**Exercise goal**
Every line of the material is to be returned verbatim. Pictures stay out.

**Data segment**
--*--
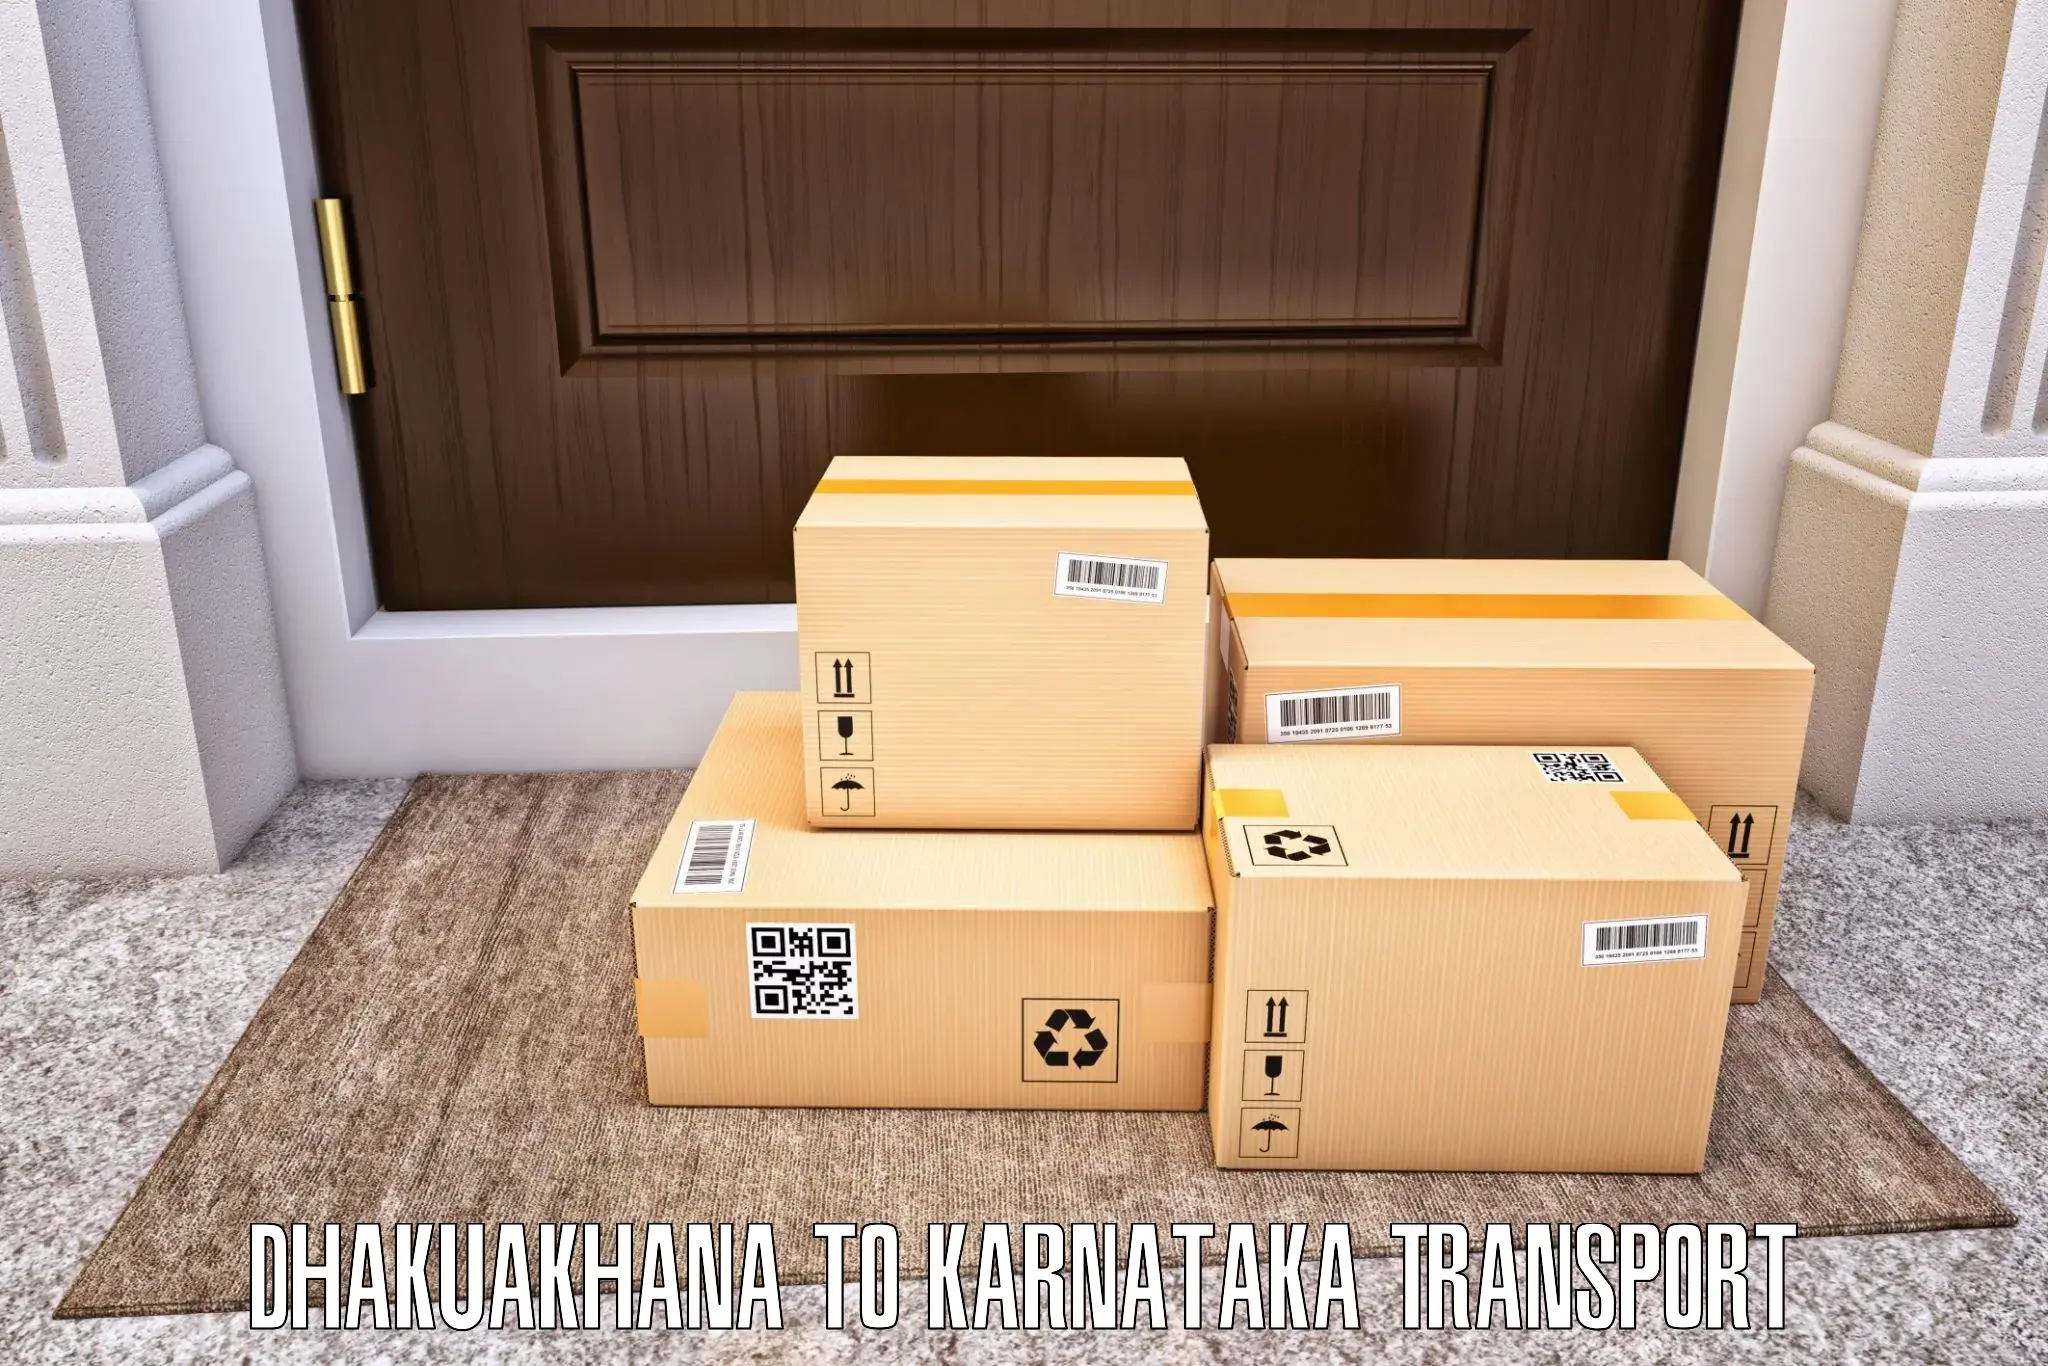 Cargo transportation services Dhakuakhana to Kurugodu
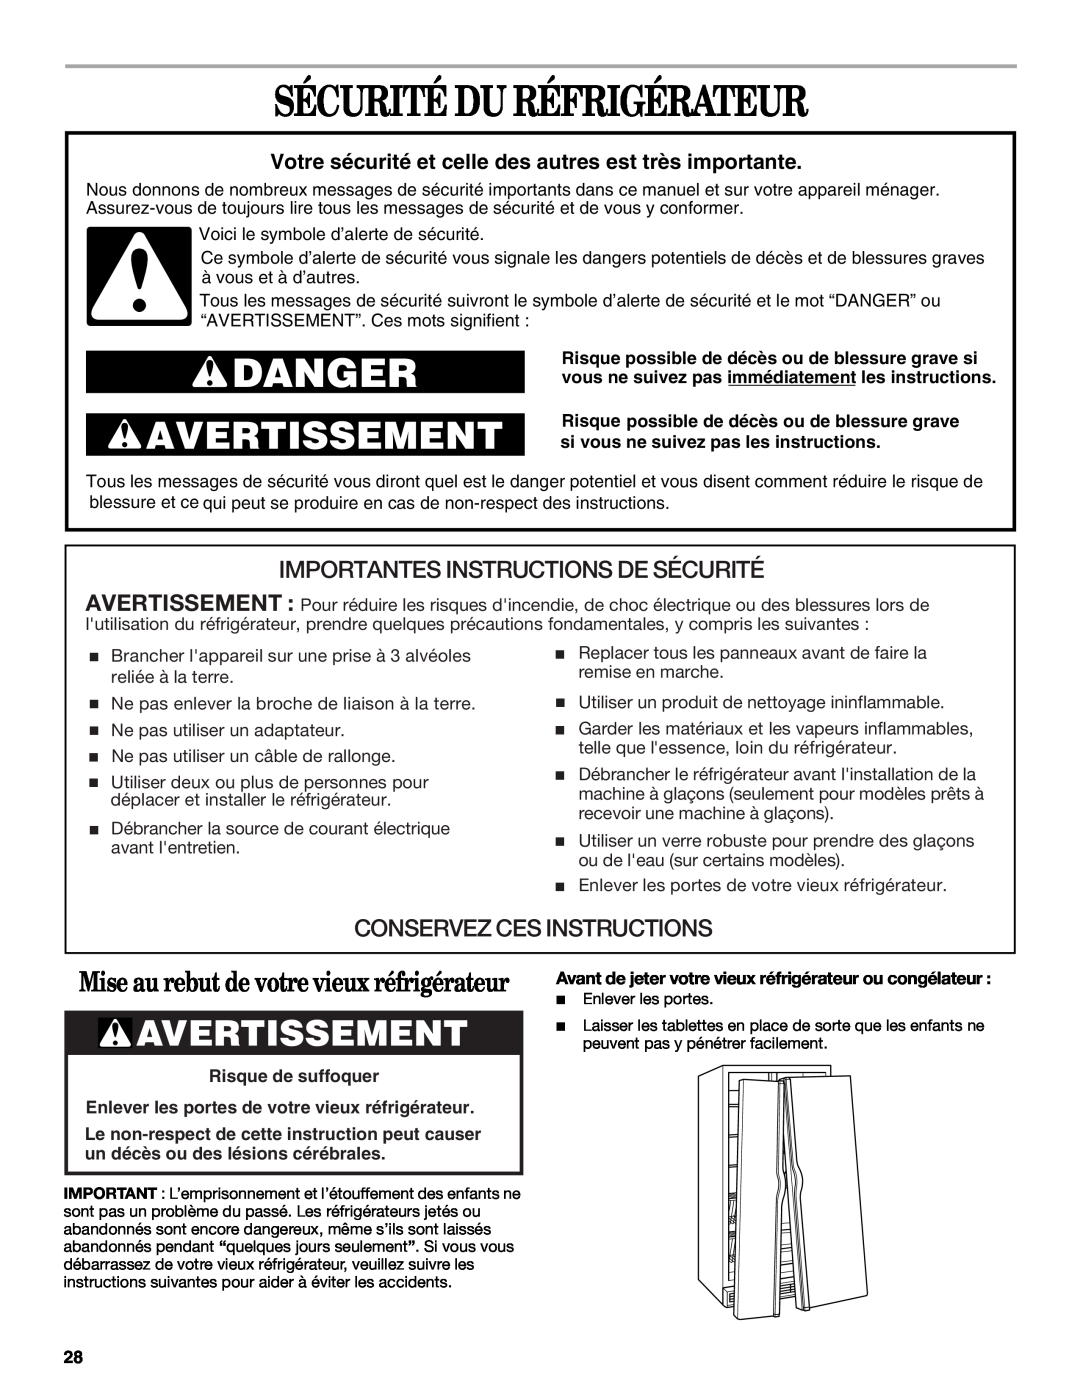 Whirlpool KTRC22EMWH02 manual Sécurité Du Réfrigérateur, Avertissement, Mise au rebut de votre vieux réfrigérateur, Danger 
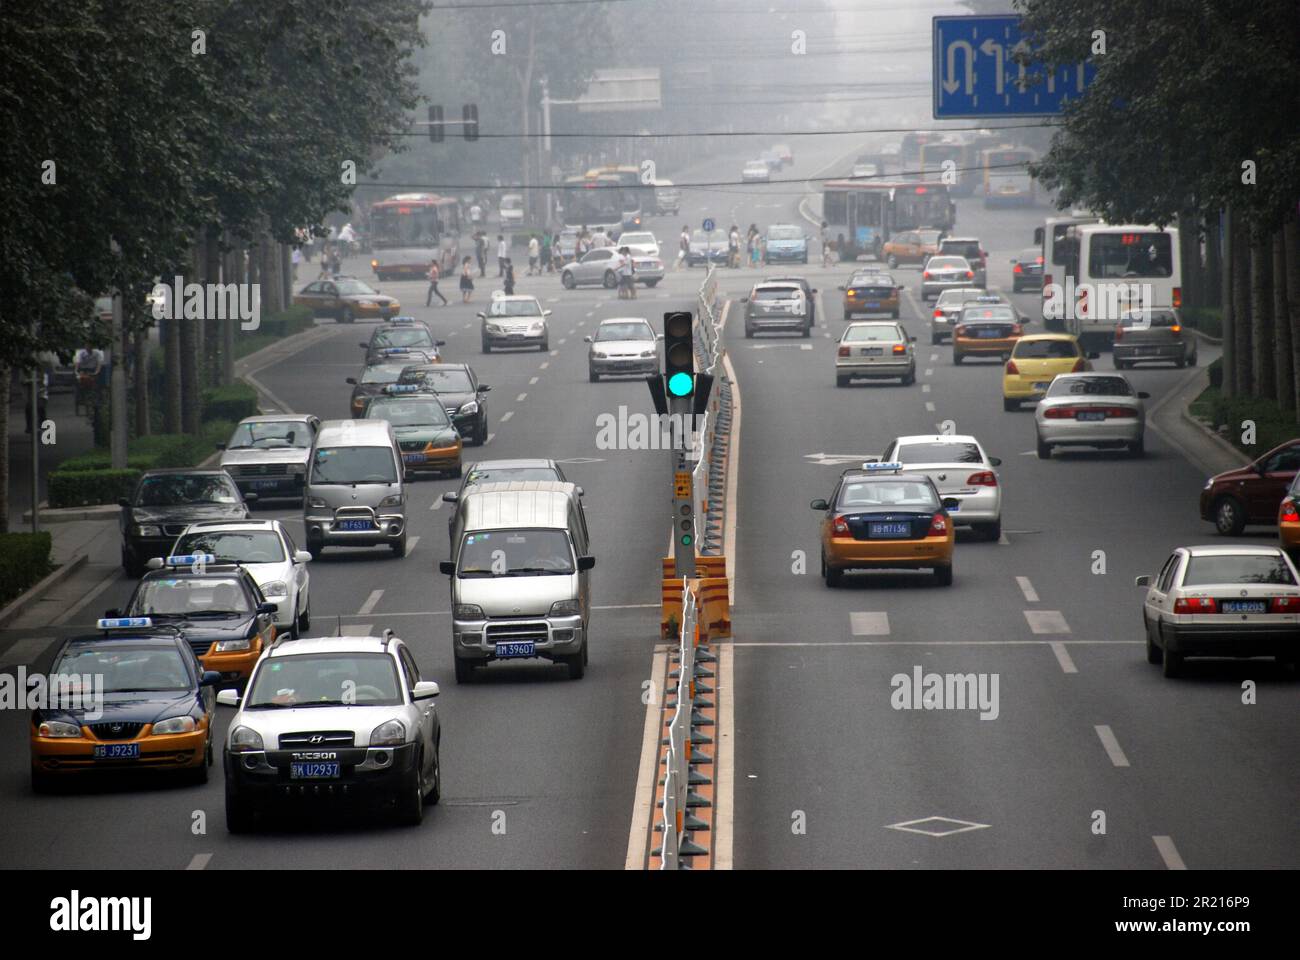 Peking, China - Verkehr auf den Straßen von Peking. Autofahrer fahren in dem schweren Smog, der die Sicht einschränkte, da starker Smog über Peking hängt, während die Verschmutzung bei hohen Temperaturen und hoher Luftfeuchtigkeit zunimmt. Stockfoto
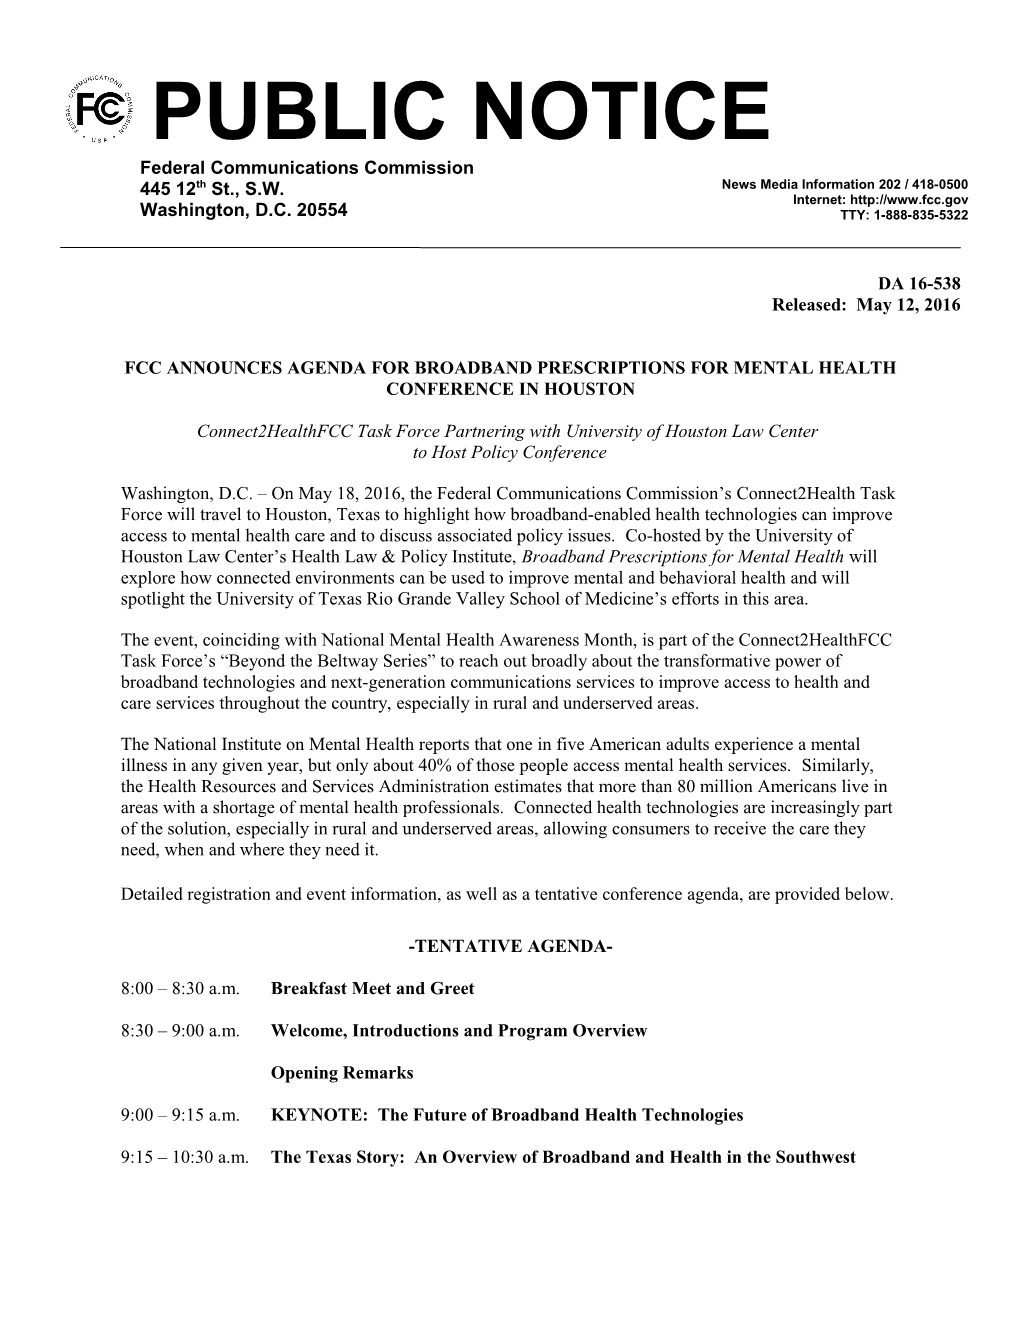 Fcc Announces Agenda for Broadband Prescriptions for Mental Health Conference in Houston
--*--
**Written solution**
 Cargo transportation services Dhakuakhana to Kurugodu
 Whirlpool KTRC22EMWH02 manual Sécurité Du Réfrigérateur, Avertissement, Mise au rebut de votre vieux réfrigérateur, Danger 
 Peking, China - Verkehr auf den Straßen von Peking. Autofahrer fahren in dem schweren Smog, der die Sicht einschränkte, da starker Smog über Peking hängt, während die Verschmutzung bei hohen Temperaturen und hoher Luftfeuchtigkeit zunimmt. Stockfoto
 Fcc Announces Agenda for Broadband Prescriptions for Mental Health Conference in Houston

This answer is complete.